═══ DATA

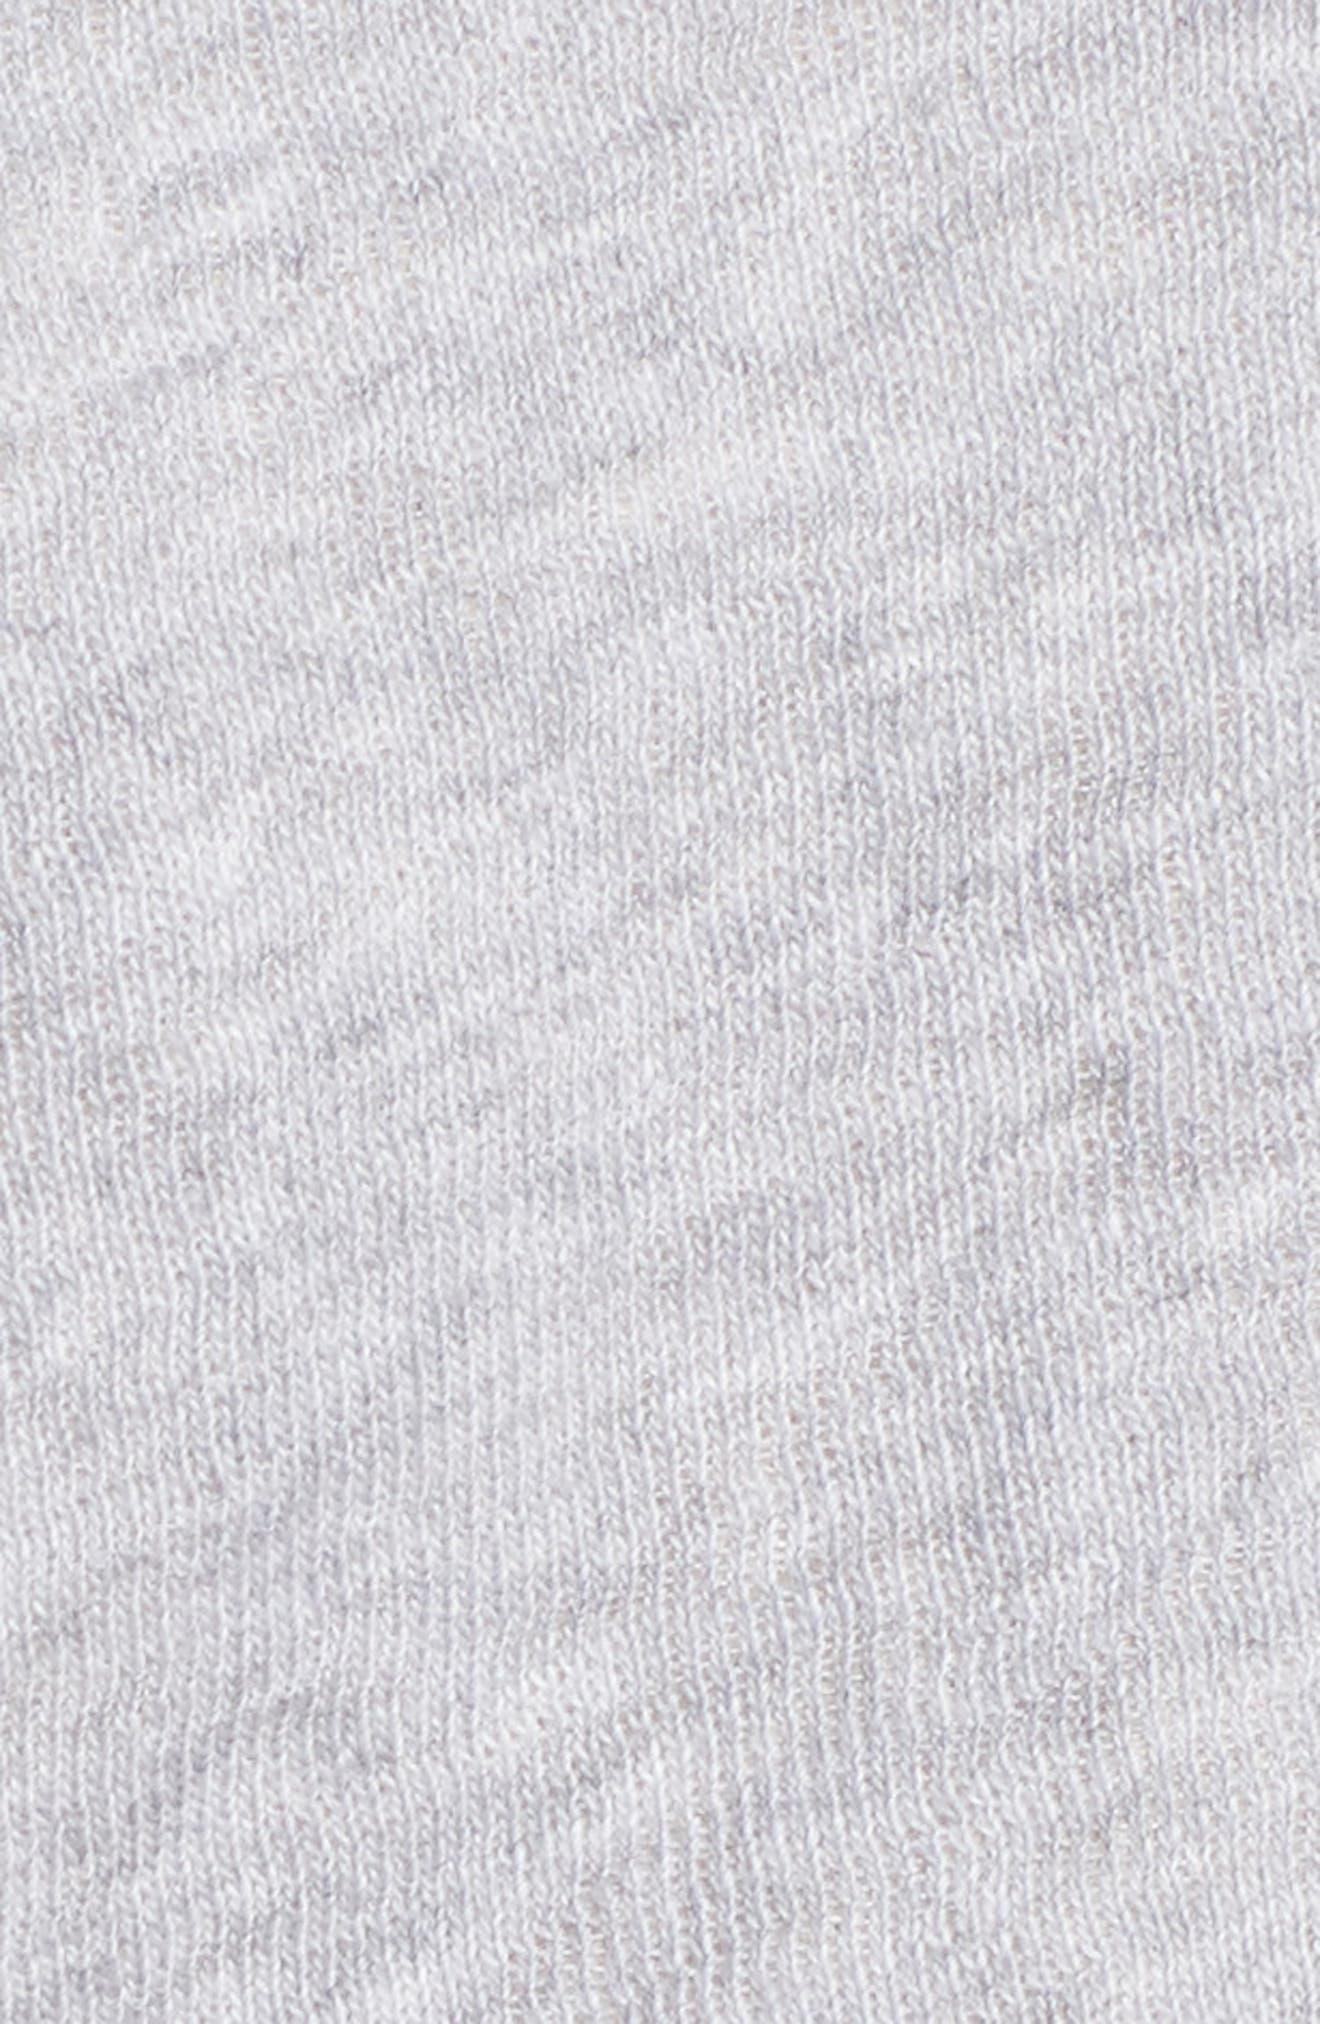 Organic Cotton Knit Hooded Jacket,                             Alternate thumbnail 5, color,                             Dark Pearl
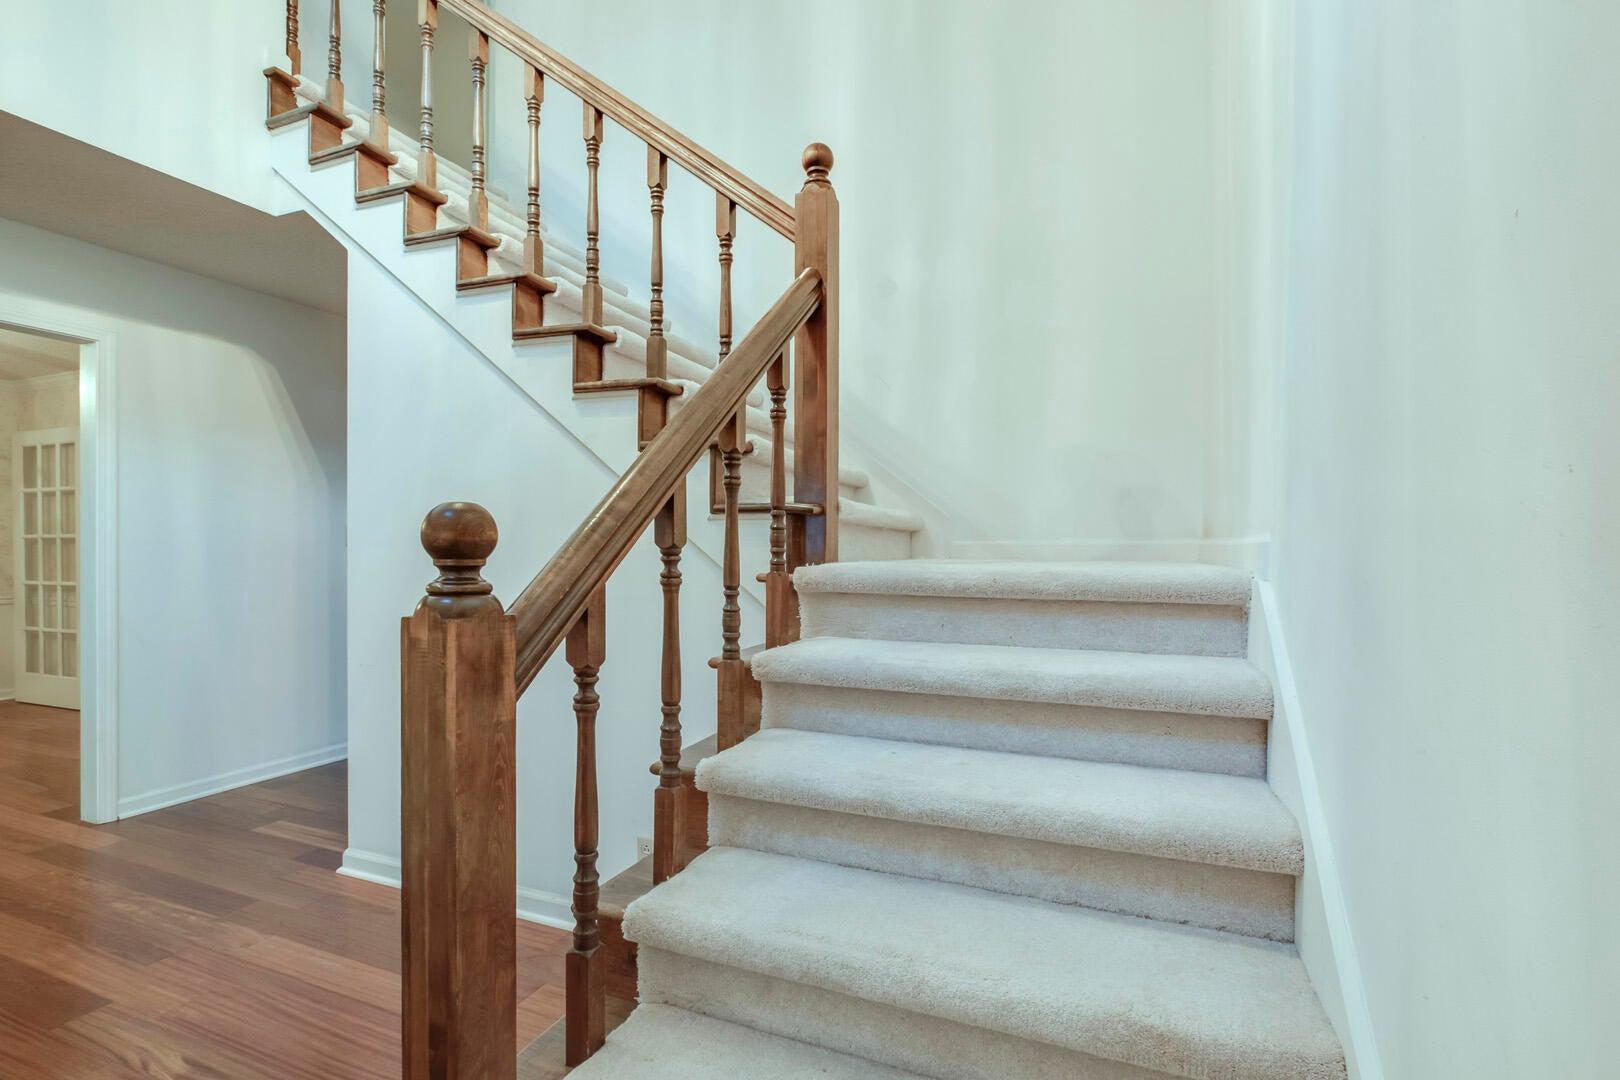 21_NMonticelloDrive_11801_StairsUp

══════
═══ DATA

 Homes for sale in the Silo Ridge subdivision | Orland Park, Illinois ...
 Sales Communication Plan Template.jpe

══════
═══ DATA

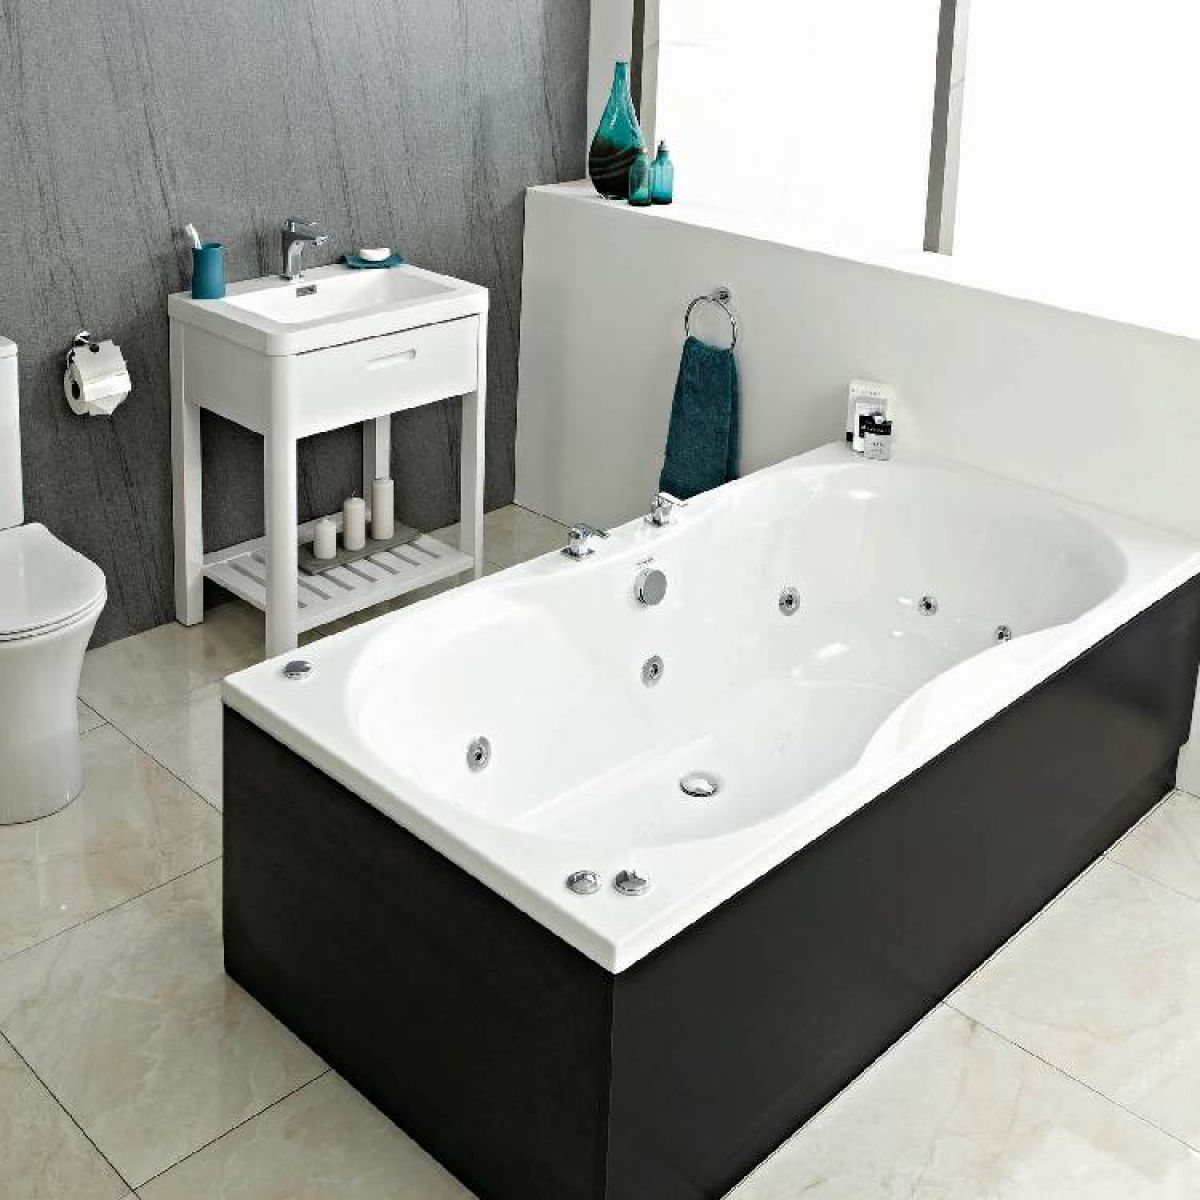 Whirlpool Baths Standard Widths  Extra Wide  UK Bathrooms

══════

TASK ITEM> Look above for the line with "Organic Cotton Knit" and the line with "21_NMonticelloDrive_11801_StairsUp", then copy them and all lines in between exactly as written, and only those, without any pictures.

REPLY>
 Organic Cotton Knit Hooded Jacket,                             Alternate thumbnail 5, color,                             Dark Pearl
 21_NMonticelloDrive_11801_StairsUp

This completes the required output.